┌──

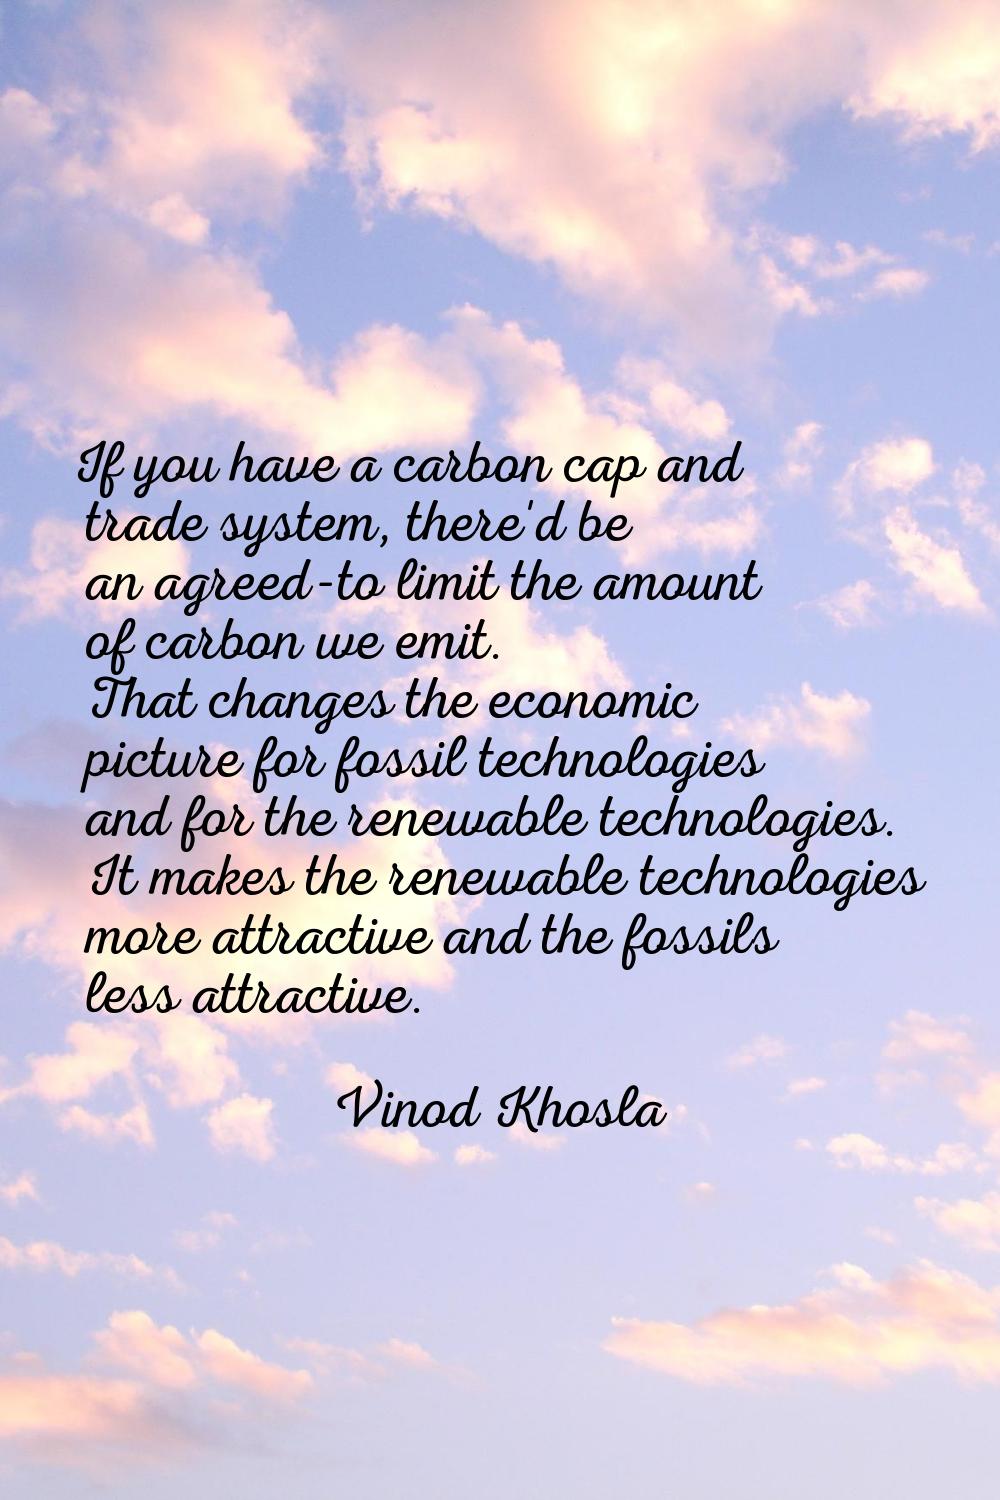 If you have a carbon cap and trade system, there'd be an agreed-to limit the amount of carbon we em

└──
┌──

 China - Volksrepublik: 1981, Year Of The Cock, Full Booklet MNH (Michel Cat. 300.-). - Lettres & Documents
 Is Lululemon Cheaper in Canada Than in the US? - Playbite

└──

_ABOUT THIS EXERCISE_
Go back to the listing above. Copy word for word the lines from the one with "China - Volksrepublik: 1981, Year" through the one with "Is Lululemon Cheaper", and nothing more.

_TASK ANSWER_
 China - Volksrepublik: 1981, Year Of The Cock, Full Booklet MNH (Michel Cat. 300.-). - Lettres & Documents
 Is Lululemon Cheaper in Canada Than in the US? - Playbite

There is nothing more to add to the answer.